Microstructure and sliding-wear behavior of tungsten-reinforced W-Ni-Si metal-silicide in-situ composites

W-Ni-Si metal-silicide-matrix in-situ composites reinforced by tungsten primary grains were fabricated using a water-cooled copper-mold laser-melting furnace by the LASMELT process. Main constitutional phases of the W/W-Ni-Si in-situ composites are the tungsten primary phase, peritectic W2Ni3Si, and the remaining W2Ni3Si/Ni31Si12 eutectics, depending on the alloy compositions. The sliding-wear resistance of the W/W-Ni-Si intermetallic composites was evaluated at room temperature and 600 degreesC. Wear mechanisms of the W/W2Ni3Si in-situ composites were discussed based on morphology observations of the worn surface and wear debris.

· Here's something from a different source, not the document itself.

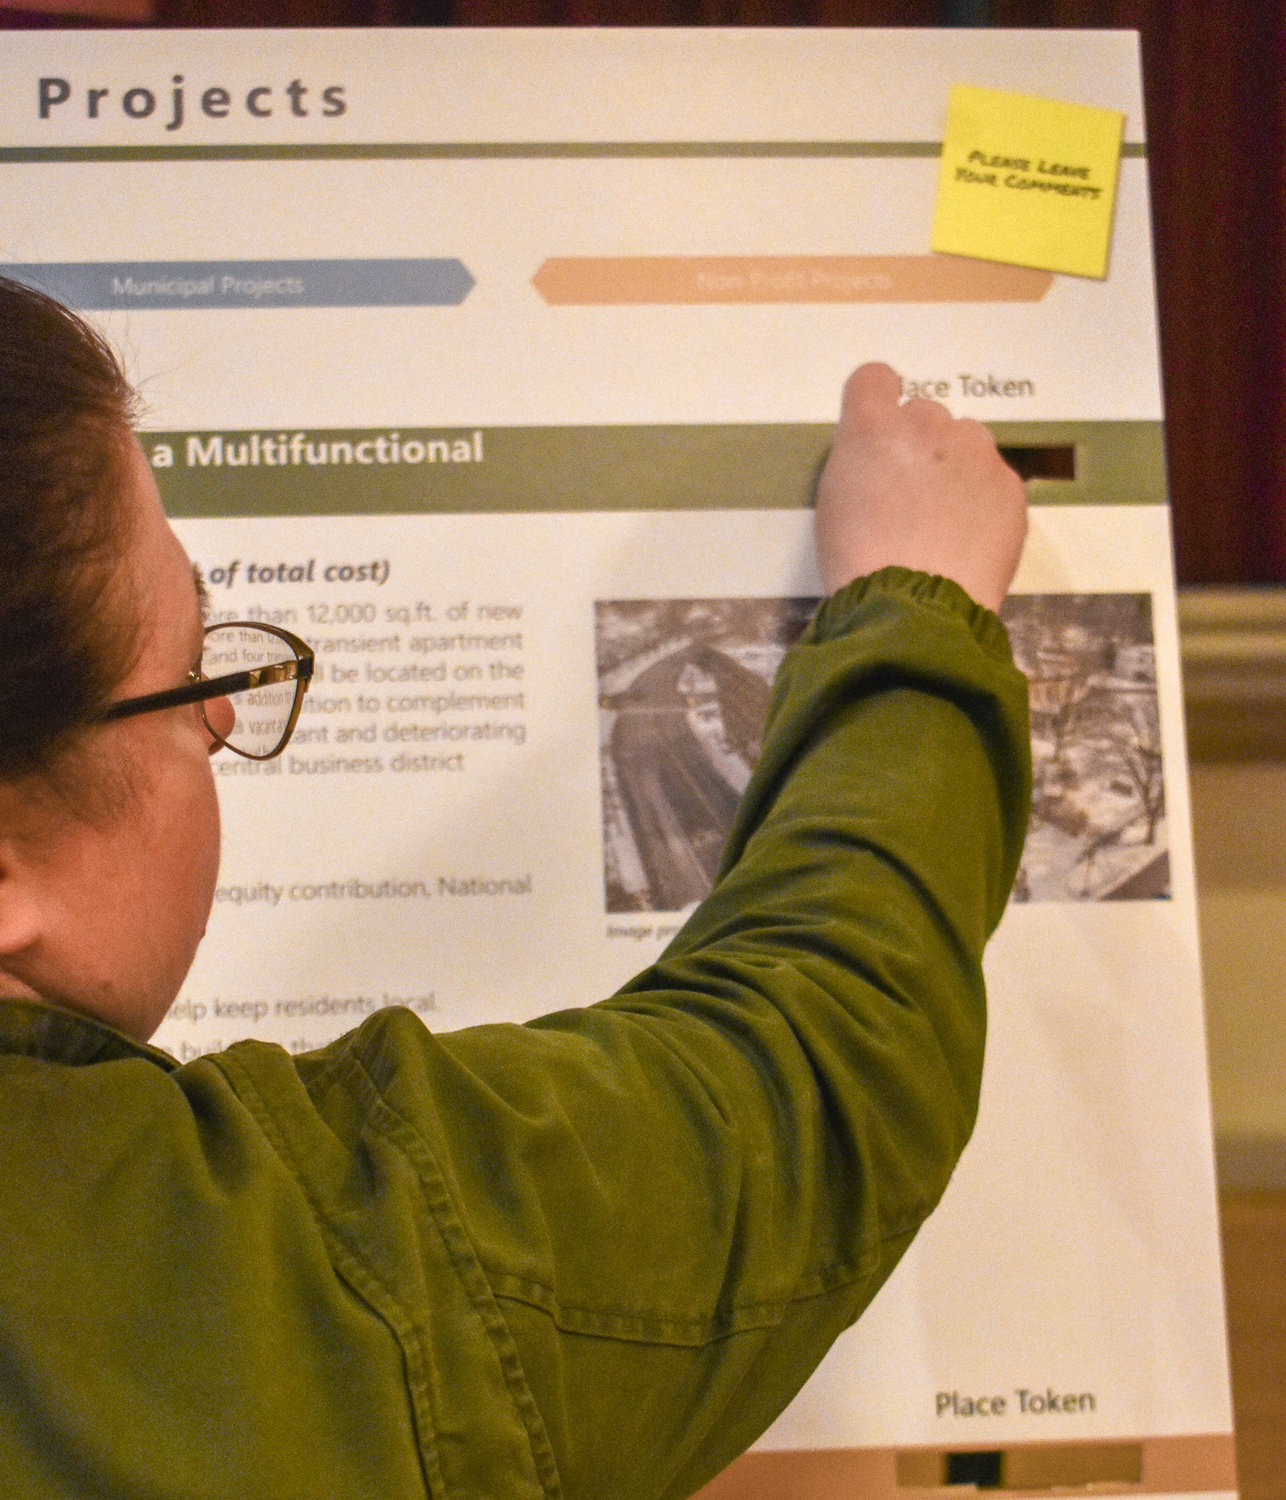 Guests were each given 10 tokens they could use to vote for their favorite DRI project proposals. As seen here, a guest drops one of their tokens into a project's slot.

Results show that the W/W-Ni-Si composites have excellent wear resistance under both room- and high-temperature sliding-wear-test conditions, because of the high yield strength and toughness of the tungsten-reinforcing phase and the high hardness and the covalent-dominated intermetallic atomic bonds of the W2Ni3Si and Ni31Si12 metal silicides. Tungsten-reinforcing grains played the dominant role in resisting abrasive-wear attacks of microcutting, plowing, and brittle spalling during the sliding-wear process, while the W2Ni3Si and Ni31Si12 metal silicides are responsible for the excellent adhesive wear resistance.